Substantially less ETH issuance

With substantially less energy and less expensive hardware, stakers will not require as much ETH to be incentivized to participate in securing the network. ETH issuance will drop from 4.3% to 0.43%. That’s a 90% reduction! This is a huge shift in the fundamentals of Ethereum the asset. This combined with the ETH being burned since EIP-1559 can make the Ethereum asset deflationary.

More robust against attacks

Economic penalties for misbehavior in the form of “slashing” make it exponentially more costly for bad actors to attempt attacks as compared to proof of work. Attackers can actually be removed from the pool of stakers and only be reinstated after a few weeks. This is in addition to the economic penalties for submitting bad blocks and other forms of misbehavior.
Unlocks new scalability possibilities
In proof of stake all the nodes are playing a coordination game instead of a competitive one. This unlocks new ways to scale with the building blocks in place for sharding. With the Beacon Chain coordinating between all the validators, it is a small adjustment to start coordinating consensus on multiple shards of the network.

Common misconceptions about Ethereum 2.0/The Merge

How will ETH 2  show up in my wallet?

Even though “ETH 2” is a term thrown around a lot, there is actually no new ETH asset associated with The Merge. Your existing ETH will work just as it always has and be unaffected. Because of this misconception, ETH 2 is sometimes called “the consensus layer”.

After The Merge, will ETH gas fees be cheaper?

The short answer is no, but it could lead to decreased gas fees in the future. Gas fees are related to block space demand. The merge does nothing to increase block size nor does it decrease demand for block space which would be counterproductive to the health of the network.

The merge does set the stage for sharding, which will increase block space and thereby decrease gas fees. The reason for this misconception is that at one point “The Merge” was going to include sharding but this has been separated into its own upgrade.

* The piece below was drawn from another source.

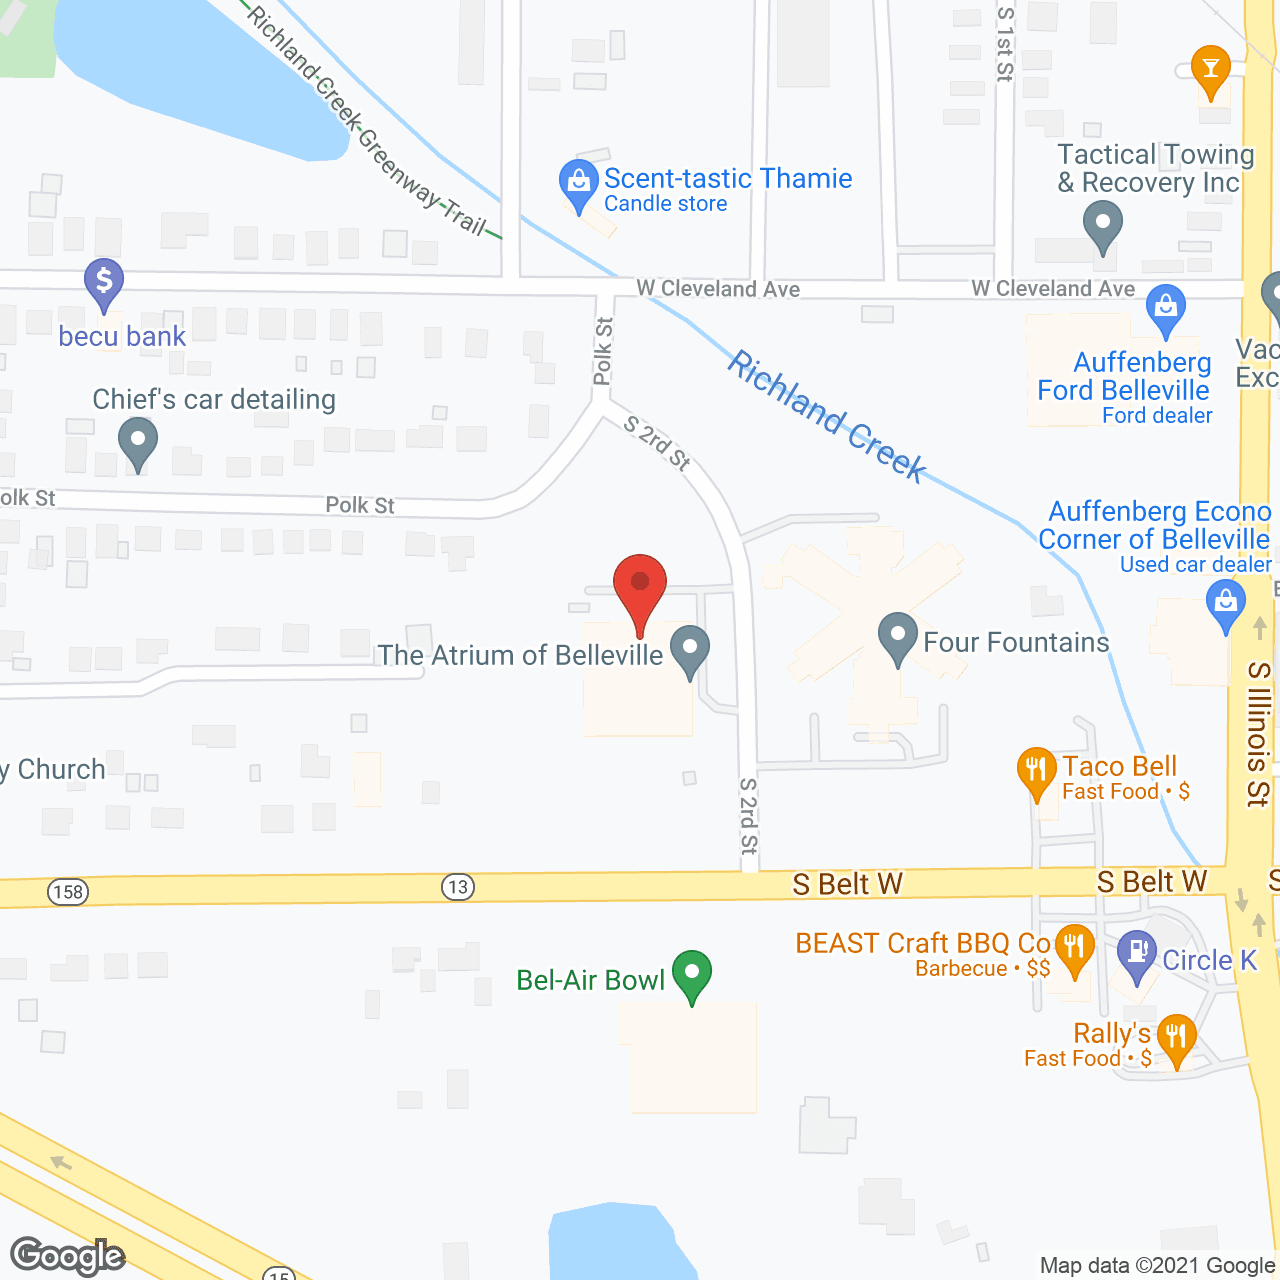 The Atrium of Belleville in google map

Gas fees are governed by simple supply and demand. If there is more demand than supply then gas prices are high. If there is more supply than demand then gas prices will be low. Sharding will increase the amount of available block space similar to how layer 2 solutions are increasing the available block space by rolling up transactions (see Lightning Network). So decreased gas fees are on the horizon but maybe still a couple years down the road.

After The Merge, I’ll be able to withdraw my staked ETH.

Staked ETH withdrawal will not be enabled until after the next Ethereum upgrade (Shanghai) which is scheduled 6-12 months after The Merge.

How will The Merge affect users?

Everyday users and BitPay customers will not be impacted. BitPay will continue to process Ethereum-based payments for merchants. The BitPay Wallet will support ETH 2.0 as an asset that you can buy, store, swap and spend. Additionally, BitPay Card users will be able to convert Ethereum to cash uninterrupted.

FAQs about Ethereum 2.0

What is “Ethereum Sharding”?

Sharding is a multi-phase upgrade to improve Ethereum’s scalability and capacity. It will enable cheaper transactions while maintaining Ethereum’s security. It is set to follow The Merge as Ethereum’s next upgrade.

How much ETH do I need to participate in ETH 2.0? How can I stake Ether with ETH 2?

Capital requirements to participate are pretty steep at 32 ETH. However, there are several projects such as Rocket Pool and the Obol Network that are creating solutions for users with fewer ETH to be able to participate.

Is ETH 2 a new coin? How do I buy ETH 2?

You do not need to buy another ETH asset in order to participate in Ethereum 2. ETH 2 is not a new standalone asset. The Ether you currently have will still function on the Ethereum Network following The Merge.

What will happen to Ethereum when 2.0 comes out?

Ethereum’s current proof of work consensus will be shelved. However, the network will still operate the same to its end users.